On current trends, the average personal income tax rate will hit a record high of 26.7 per cent in 2032-33. The PBO has sketched out some of the risks of bracket creep and reliance on a single source of revenue.
“For some people, especially those on relatively low incomes, bracket creep can reduce workforce participation,” the PBO said in December.
“At higher incomes, bracket creep can strengthen incentives for tax planning and structuring.” The OECD and IMF keep urging governments here to take the burden off personal income tax and make the system more efficient and sustainable.
But in the middle of this future give-back, in 2028-29, bracket creep again outstrips the cost of stage three; that will make the system less progressive as middle earners pay a higher share of total tax. “The legislated stage-three tax cuts in 2024-25, which cost around $250bn over the period to 2032-33, offset some of the impact of bracket creep, but do not eliminate it completely,” the PBO says in an analysis of personal taxation.
“Bracket creep will still continue even after taxes are cut.”
In a decade, the gap will be $20bn and there are no other proposals for tax cuts on the table.
The tax cuts are indeed generous for those with big tax bills, and as Canberra’s spending accelerates and the commodity bonanza subsides in coming years, the pressure to find other revenue and spending cuts will intensify.
Some economists argue the tax cuts are too big given the dire 10-year outlook for the budget. Both spending and taxing have to contribute.
There is a push to re-engineer stage three, perhaps as the Grattan Institute proposes by retaining the 37 per cent bracket, cutting the 32.5 per cent rate to 30 per cent, and raising the top tax threshold (45 per cent) from $180,000 to $200,000.
That would improve the bottom line by $8bn a year.

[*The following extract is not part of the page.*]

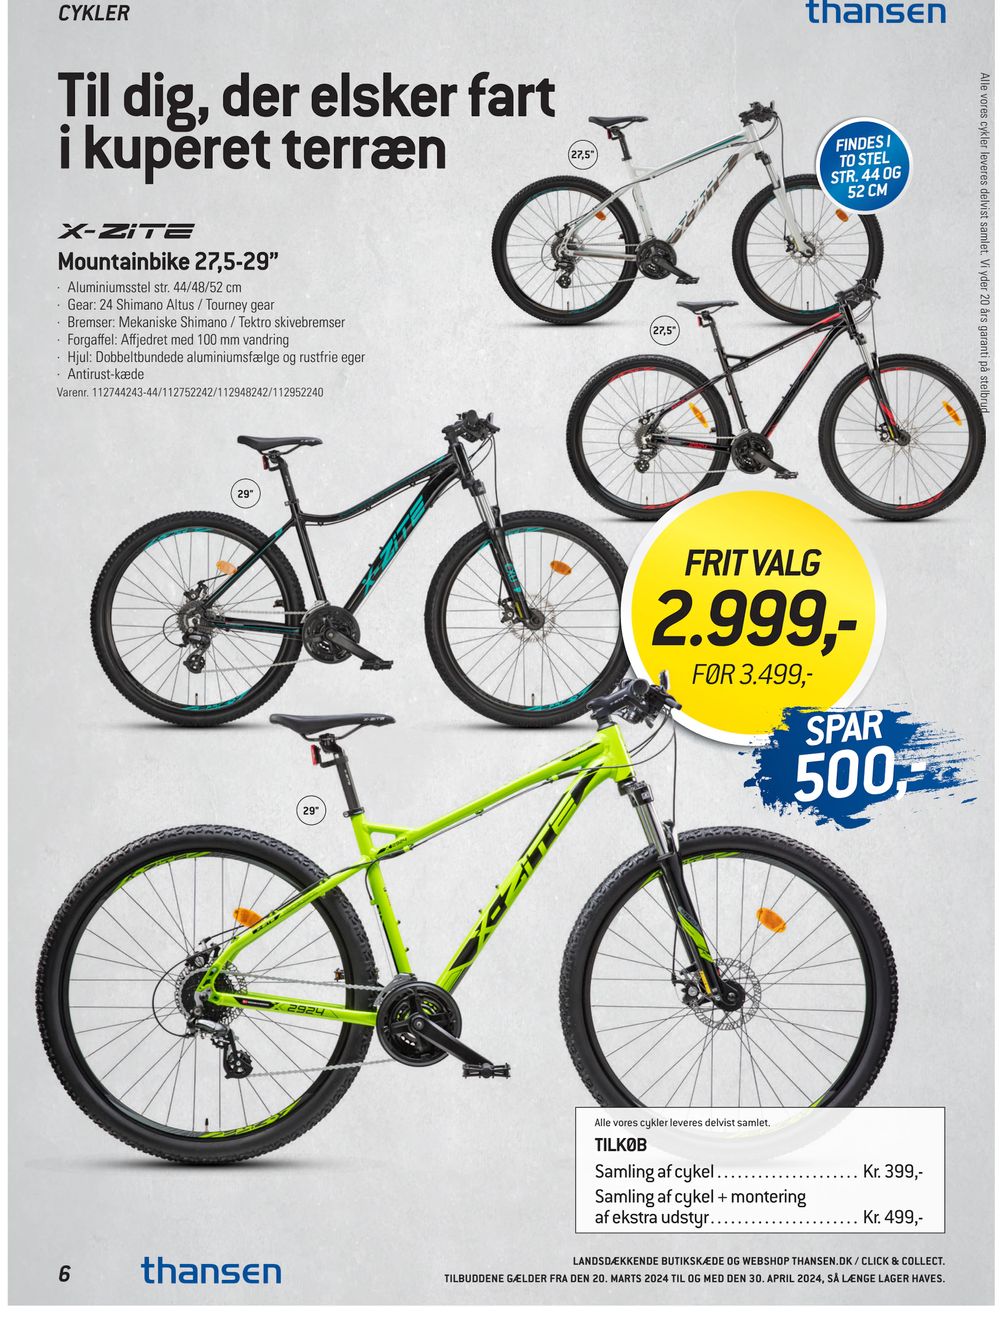 Tilbud på Mountainbike 27,5-29” fra thansen til 2.999 kr.

Dropping stage three entirely, unlikely as it appears, would make the skinny-margin Albanese government a bigger target.
The electoral reality in high-income seats Labor snaffled last May from the Liberals in Sydney, Melbourne and Perth, means the tax cuts will stay in some form.
Any busting of trust would inflict more pain at the polls on a risk-averse government, and outweigh any kudos from winning over the elite minority who yammer about budget repair.
Labor must find another path to get there.